WHAT YOU HAVE TO DO >> Each line from the one holding "Wizz Air A320 HA-LPL" to the last line below must be restated word for word, and no picture may be included.

INFORMATION SHOWN >>

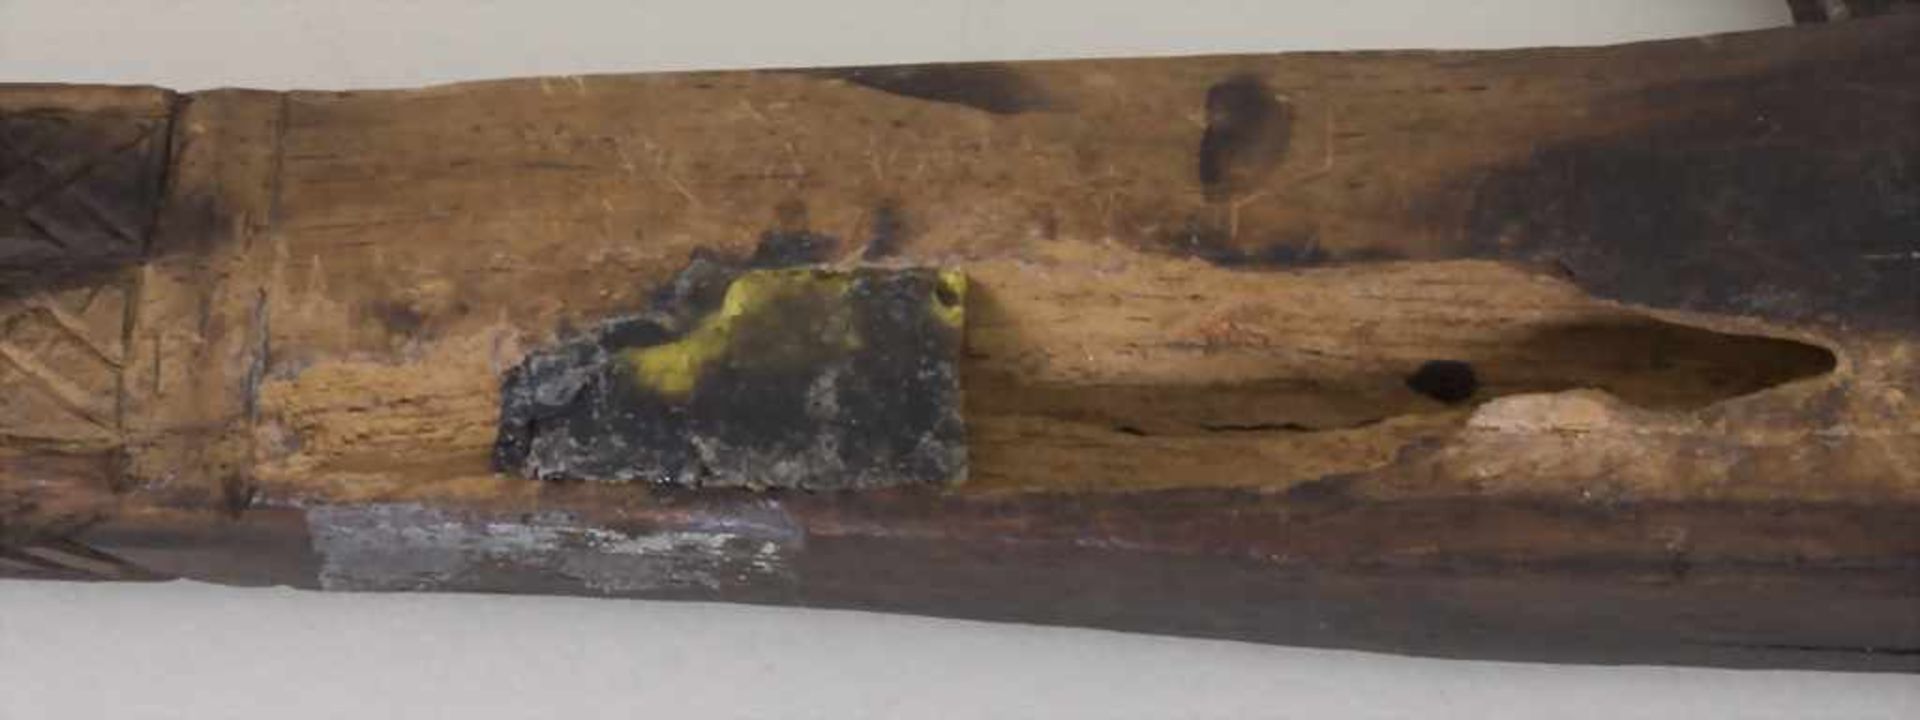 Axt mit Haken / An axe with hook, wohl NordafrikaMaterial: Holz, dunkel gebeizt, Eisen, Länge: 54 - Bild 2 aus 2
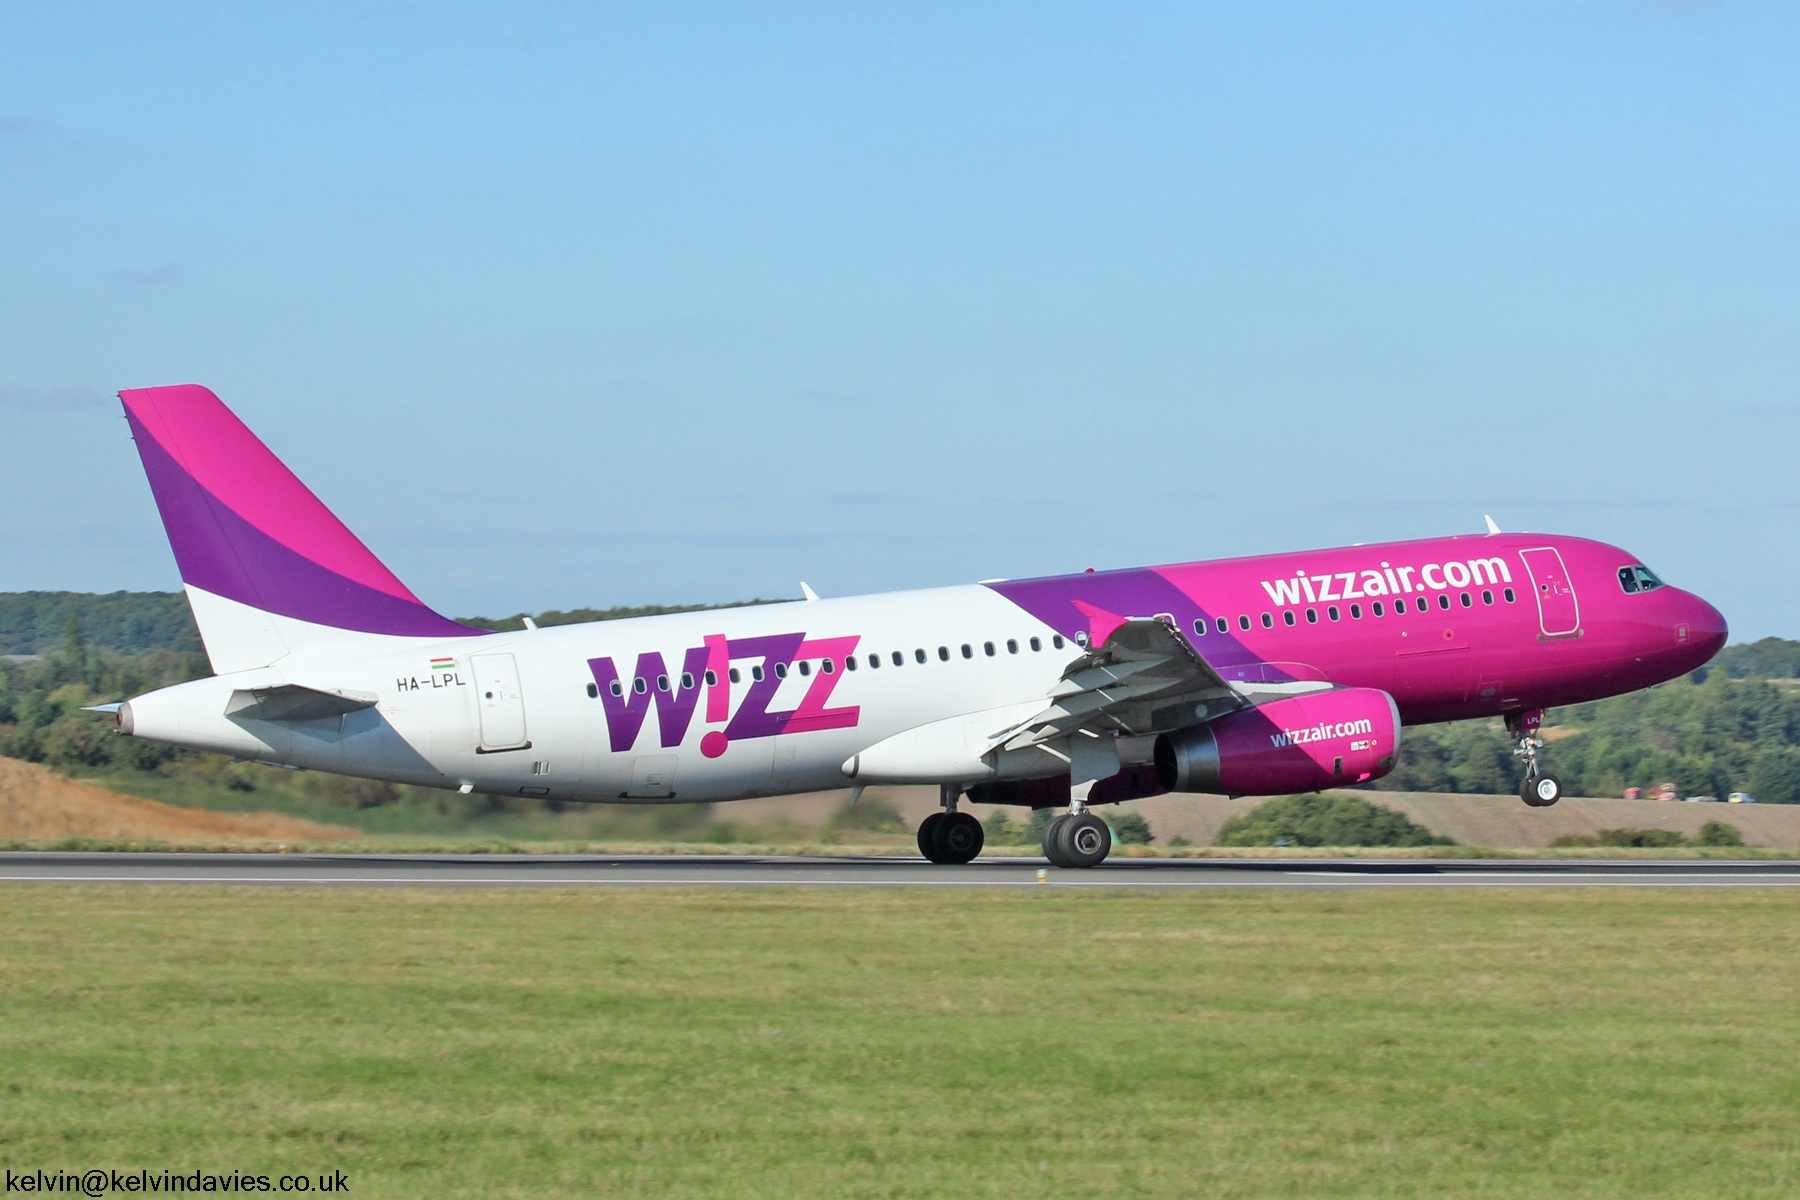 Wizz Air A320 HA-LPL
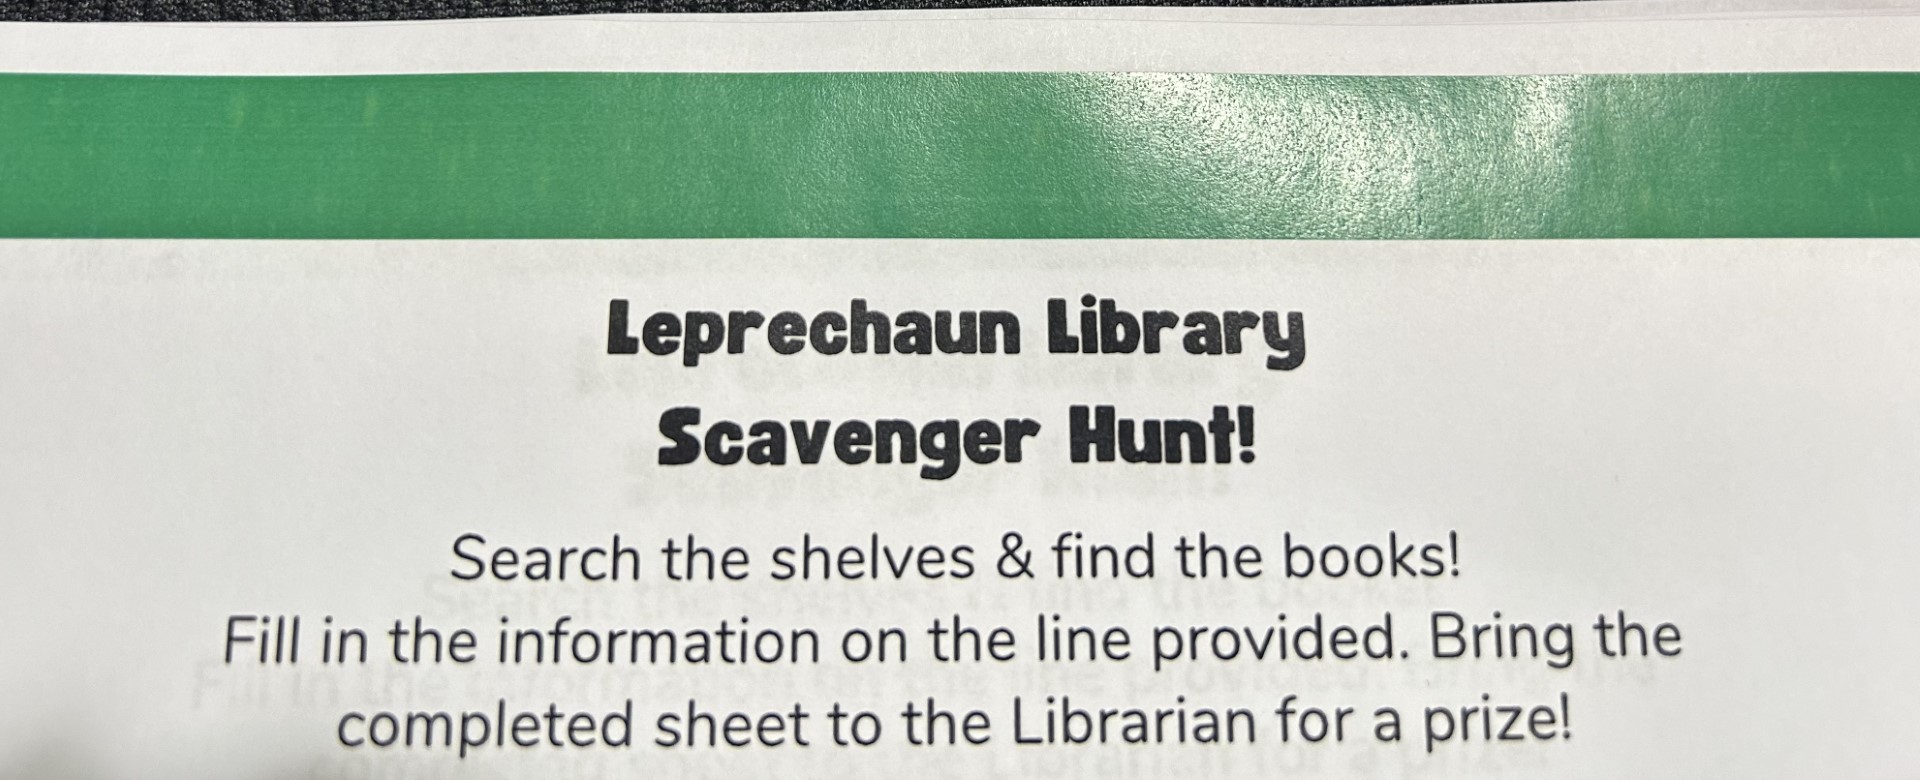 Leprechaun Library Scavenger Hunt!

REPLY >>
 Wizz Air A320 HA-LPL
 Leprechaun Library Scavenger Hunt!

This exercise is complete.